On February 12, 2016, Defendants removed the case to federal court pursuant to 28 U.S.C. § 1331. On February 19, all Defendants moved for a more definite statement pursuant to Federal Rule of Civil Procedure 12(e), with Bank of America filing its own, separate motion and the other Defendants filing their motion jointly. Defendants identified three problems with the complaint: first, the complaint was a shotgun pleading that incorporated all of its factual allegations into each count; second, the complaint failed to identify the specific Defendant(s) to which each count pertained; and third, the complaint "omit[ted] key facts such as relevant dates and the particular nature of the violations that [Defendants] allegedly committed." The motion was referred to a Magistrate Judge on February 22. The Jacksons responded that they did not oppose the motion and were willing to file an amended complaint, but moved the District Court for twenty-one days to prepare a revised pleading. The District Court granted the motion, giving the Jacksons twenty-one days to file an amended complaint.
On March 29, 2016, the day the amended complaint was due, Mr. Lay moved the District Court for an extension of the deadline to file the revised pleading. Mr.
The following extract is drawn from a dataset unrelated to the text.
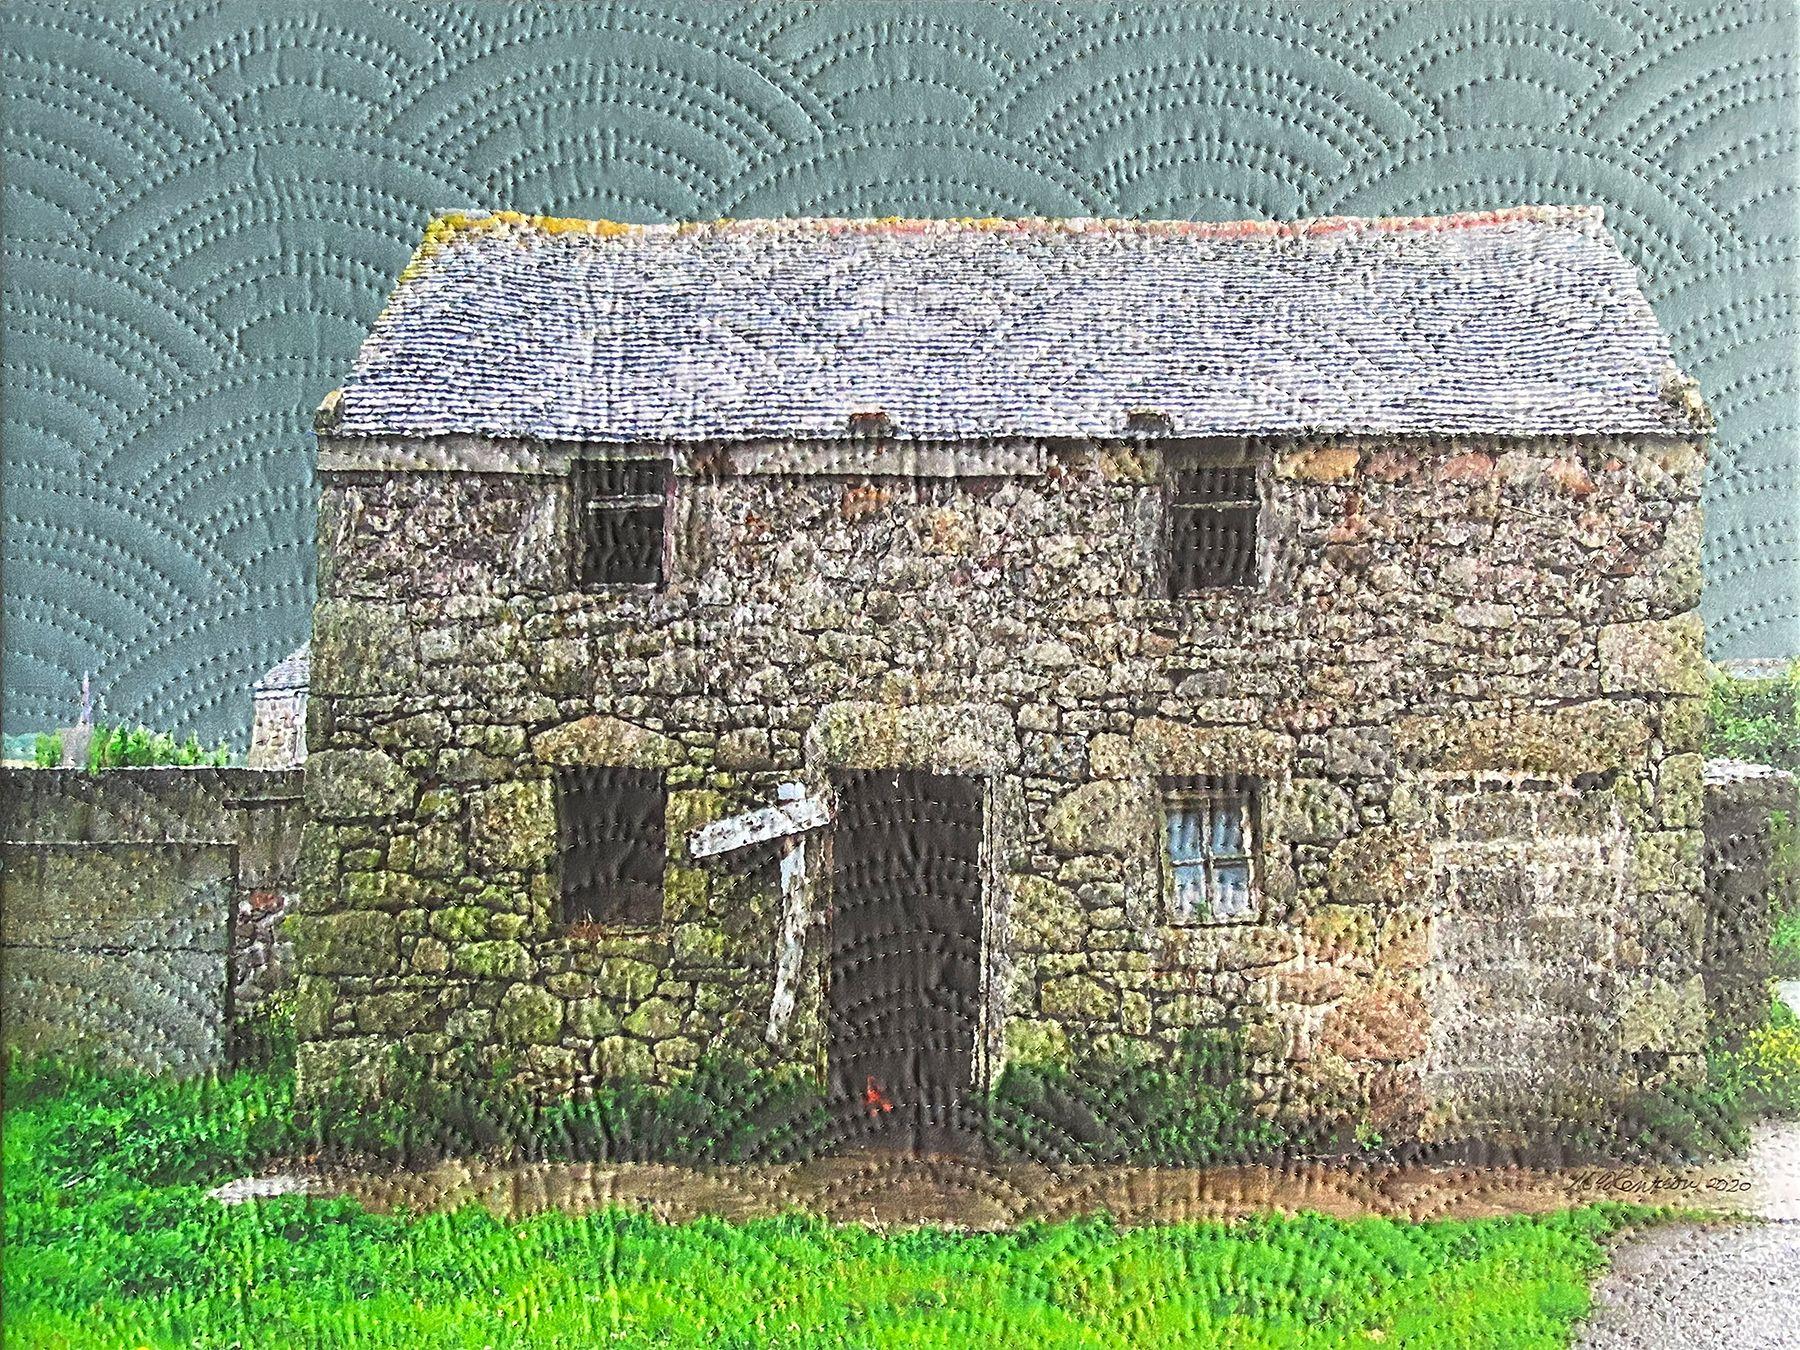 Cape Cornwall England 1, Mixed Media on Canvas - Mixed Media Art by Marilyn Henrion

Lay stated that he had been out of the office due to illness and asked for seven more days. The Magistrate Judge, on referral, granted the motion and gave the Jacksons until April 5 to file their amended complaint. On April 10, five days after the expiration of the extended deadline, and without having filed the amended complaint, Mr. Lay requested another extension. This time, he stated that he had been out of the office due to illness and a death in his family and asked for an additional seven days. Defendants did not oppose his request. The Magistrate Judge granted the motion and extended the deadline to April 12.
The Jacksons filed their amended complaint on April 12. The amended complaint swelled to twenty-three pages and 123 paragraphs, made minor changes to a number of the factual allegations, added two new counts, 4 and listed one or more Defendants in parentheses under the heading of each count-presumably to clarify which count(s) applied to which Defendant(s). Counts (1) through (14) alleged the same injuries and requested the same forms of relief as those contained in the initial complaint.
The amended complaint was, like its predecessor, a shotgun pleading: it incorporated all of the factual allegations into each count without delineating which allegations pertained to each count. On April 29, Bank of America answered the amended complaint, denying...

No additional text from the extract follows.